Dataset: emg2qwerty - Touch typing from wrist-based surface electromyography Task: Touch typing on QWERTY keyboard Participants: 108 subjects Sessions: 1,135 total (average 10 per subject, range 1-18) Duration: 346.4 hours total (9.5-47.5 min per session) Publication: Sivakumar et al., 2024 - "emg2qwerty: A Large Dataset with Baselines for Touch Typing using Surface Electromyography"
This dataset captures wrist-based sEMG signals during touch typing on a physical keyboard. The goal is to enable keyboard-free text input by decoding typing intent directly from neuromuscular activity, with applications in AR/VR, mobile computing, and brain-computer interfaces.
This is the largest public sEMG dataset to date, specifically designed to study:
- Cross-user generalization
- Cross-session adaptation (domain shift from electrode placement)
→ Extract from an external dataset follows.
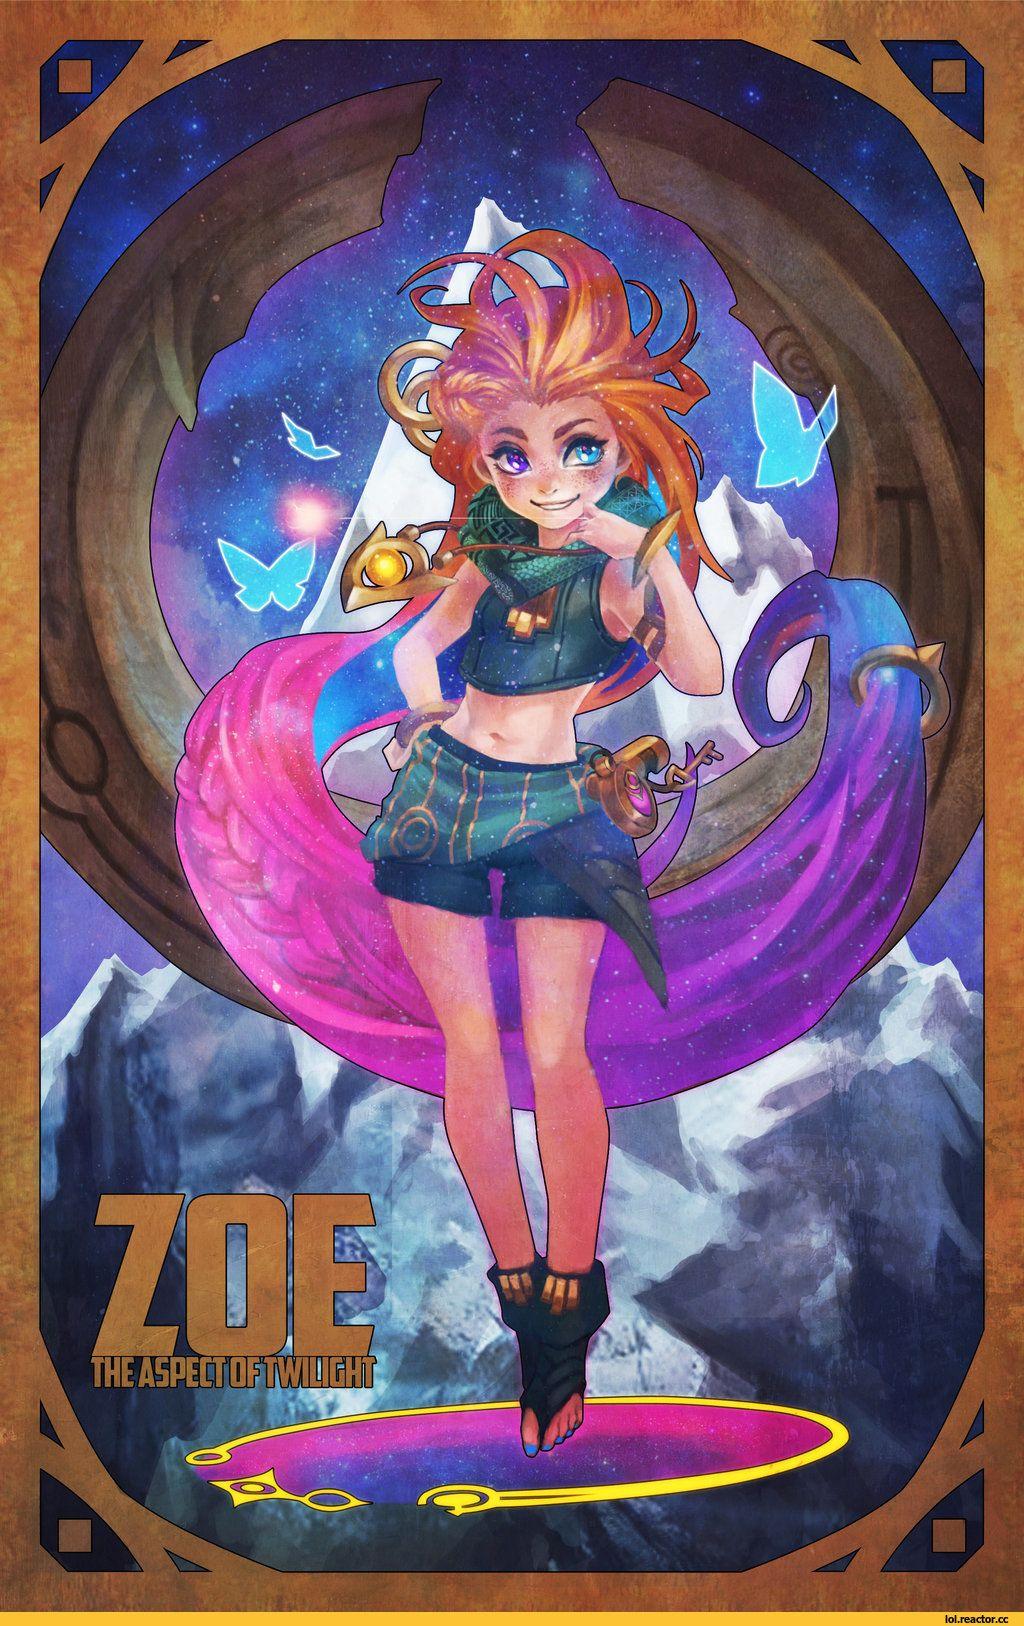 Zoe Lol League Of Legends Fendomy Monorirogue 4152859 Jpeg 1024 1612 Leona League Of Legends Desenhos Desenhos De Anime

- Sequence-to-sequence learning (analogous to automatic speech recognition)
- High-bandwidth neuromotor interfaces
Sample size: 108 participants Demographics: Not available (age, sex, handedness marked as n/a) Screening: Touch typists with >90% correct finger-to-key mapping Typing speed: 130-439 keys/min (mean: 265 keys/min, ~4.4 keys/sec)
Device: sEMG Research Device (sEMG-RD) Configuration: Two wristbands (left and right wrists) Channels: 32 total (16 per wrist) Sampling rate: 2000 Hz Bit depth: 12 bits Dynamic range: ±6.6 mV Bandwidth: 20-850 Hz Connectivity: Bluetooth Electrode type: Dry gold-plated differential pairs
Keyboard: Apple Magic Keyboard (US English) Text prompts:
- Random words from dictionary
- Sentences from English Wikipedia
- Filtered for offensive terms
- Lowercase with basic punctuation only
Ground truth: Keylogger recording key-down and key-up timestamps (±0.5 ms precision) Backspace usage: Allowed (natural typing behavior)
- Participant dons two sEMG-RDs (one per wrist)
- Types prompted text on physical keyboard
- Keylogger records all keystrokes with timestamps
- sEMG signals streamed via Bluetooth
- Between sessions: Bands doffed and re-donned (realistic electrode placement variability)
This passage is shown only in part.